I'm very confused. Living with these dysfunctions are starting to make me believe that the problem is mine. Maybe I don't assert myself enough. Maybe masturbation is cheating. Maybe it's the man's job to do everything. I've never expressed these feeling to anyone so I've never received a third party's viewpoint. 

What do I do and what should I think?


----------



## MarkTwain (Aug 1, 2008)

Bill said:


> What do I do and what should I think?


This is basically what you have been asking your wife for the last 10 years: "Honey, What do I do and what should I think?". You have let her control you for many years.

I realise you have come here asking this question one last time, but I just wanted to point out the irony.

Was there ever a time when your woman was more into you sexually?


----------



## Bill (May 29, 2009)

My wife has always been the way she is. 

I think she's into me sexually, but she doesn't know how to express it. Or maybe she's just selfish. Sex, for her, seems more about her than us. 

She had a tough childhood which has affected her life in many ways. She's put up walls all around her which has left her alone and lonely. I really don't know what should be my level of understanding. When should I just say "enough"?


----------



## revitalizedhusband (Feb 9, 2009)

Maybe sex is too important in a relationship in my eyes, but there's no way I could live like that, and no way I would have got married before these issues were fixed.

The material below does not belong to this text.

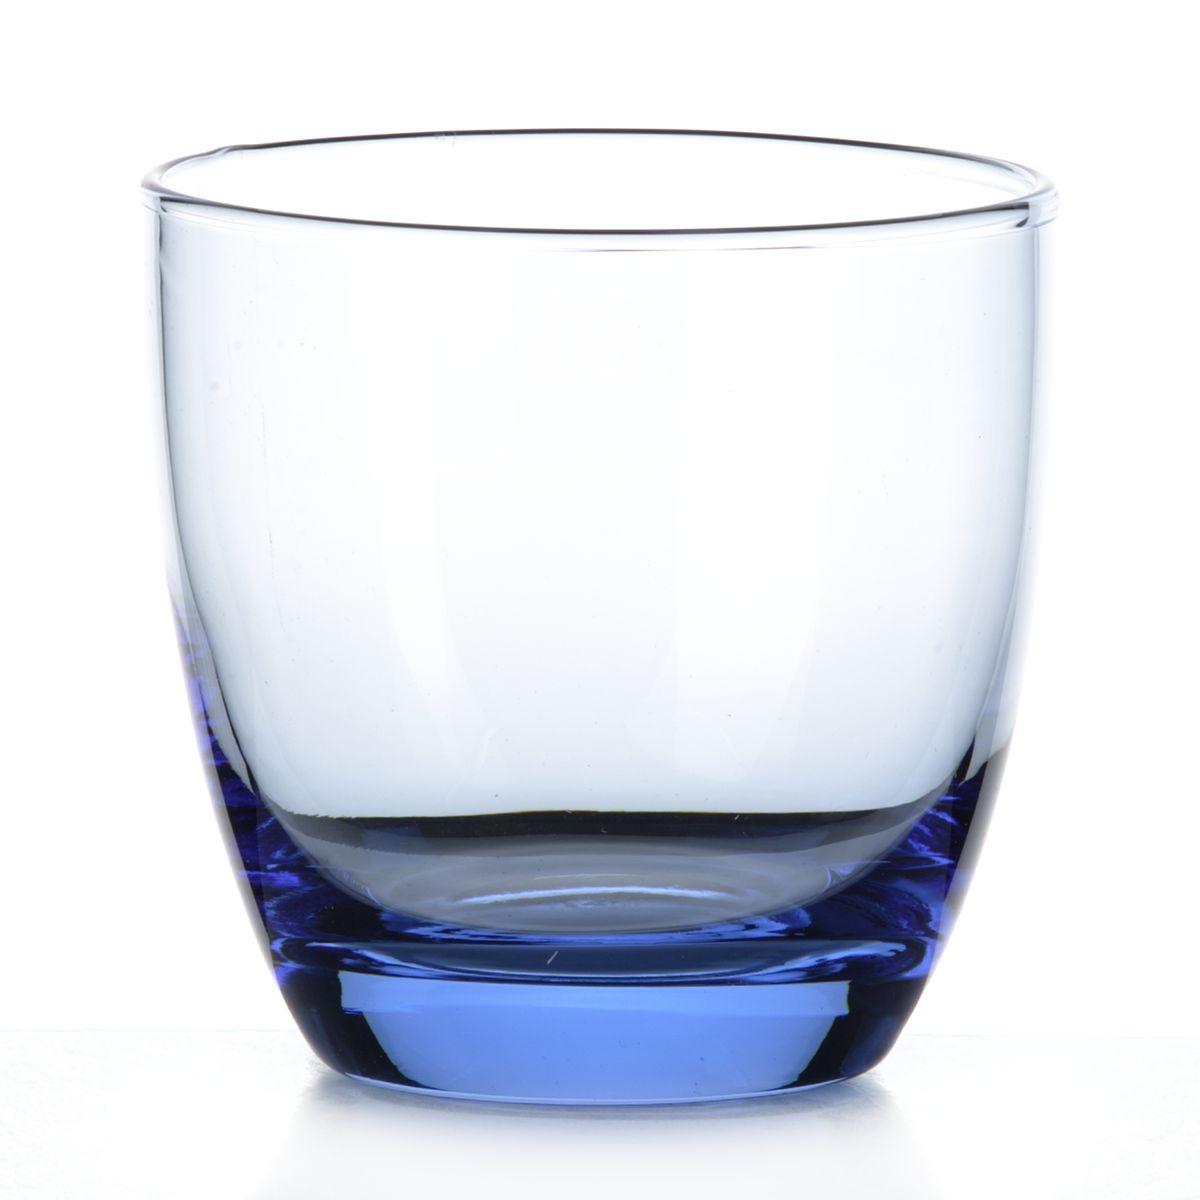 Набор стаканов для виски Pasabahce Workshop Light Blue, 370 мл, 3 шт. 42030BM42030BM/Набор Pasabahce Workshop Light Blue состоит из трех стаканов, выполненных из прочного натрий-кальций-силикатного стекла. Изделия имеют утолщенное дно. Набор предназначен для подачи виски. Стаканы сочетают в себе элегантный дизайн и функциональность. Благодаря такому набору пить напитки будет еще вкуснее. Набор стаканов Pasabahce Workshop Light Blue прекрасно оформит праздничный стол и создаст приятную атмосферу за ужином. Такой набор также станет хорошим подарком к любому случаю. Можно мыть в посудомоечной машине и использовать в микроволновой печи. Диаметр стакана (по верхнему краю): 9 см. Высота стакана: 9,5 см.
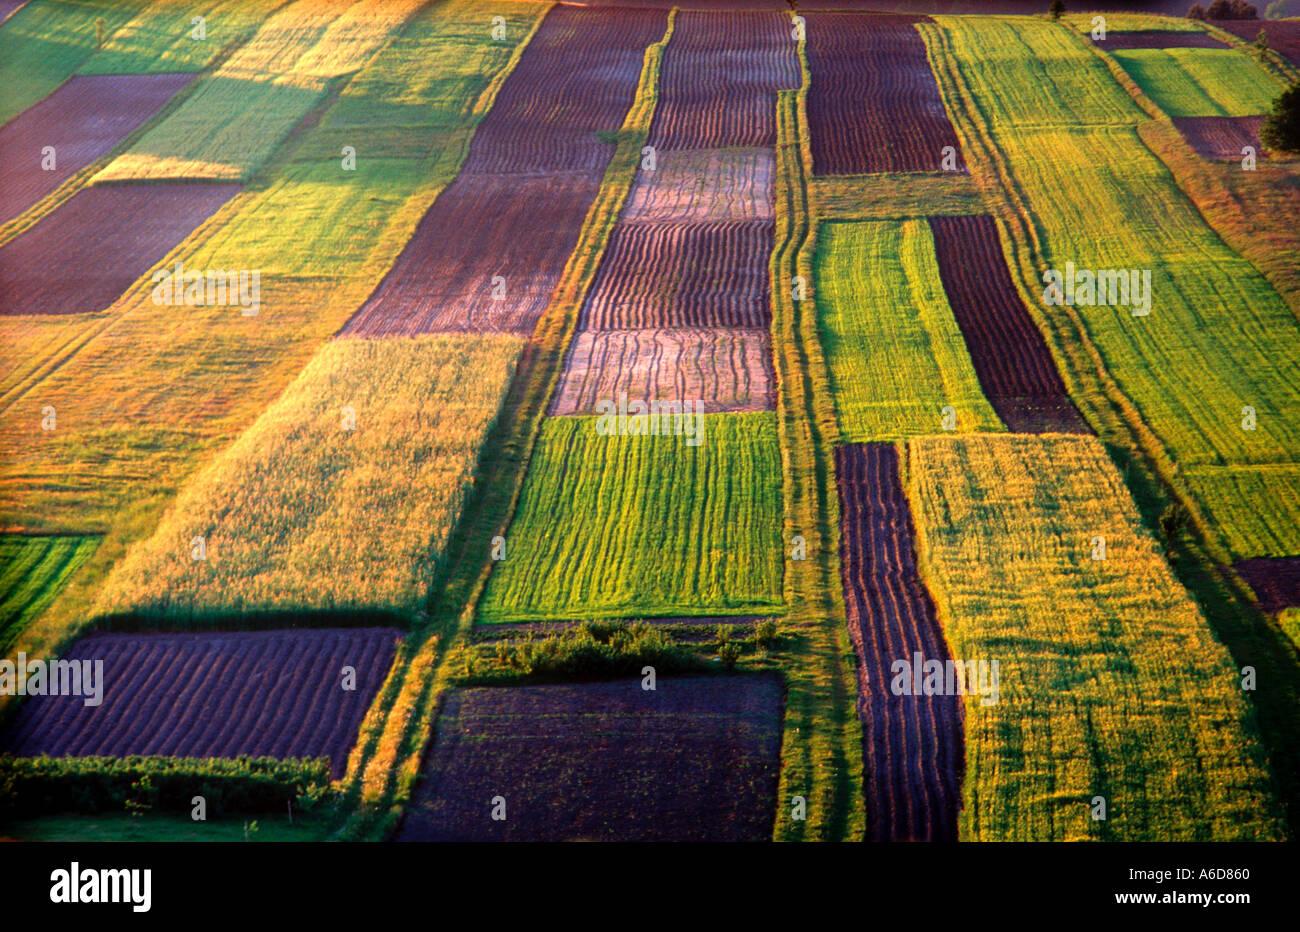 Azienda agricola biologica a sud-est della Polonia Immagini Stock

You need to assert yourself to her, as MarkTwain (above) would say, you have shown no backbone in the relationship and that's typically a turnoff for women.


----------



## MarkTwain (Aug 1, 2008)

Bill-
So are you saying that she would like it more than once a month? If you initiate, what happens?


----------



## MarkTwain (Aug 1, 2008)

revitalizedhusband said:


> MarkTwain (above) would say, you have shown no backbone in the relationship and that's typically a turnoff for women.


This maybe so, but because she was dysfunctional to start with, the situation is beyond my ability to suggest a solution. 

A lot could be done to get the most optimum response from her, but that would still be not very impressive. Without an epiphany of her own, she is doomed to be the slave of her own strong willed nature, and she will suck anything and anybody into her orbit.

A woman like this might respond to an ultimatum, but she chose the sort of man who would never naturally give her one. That's co-dependency in action.


----------



## Blanca (Jul 25, 2008)

Why is your wife so suspicious of your attraction to her? 

You've lied to your wife for over ten years and on some level she senses that. i think you probably lie about a lot of things. Im going to guess you have a lot secrets and it is what's keeping you emotionally enslaved to your wife. Come clean with your wife, with yourself, and you will find your life will get better, after it gets worse of course.


----------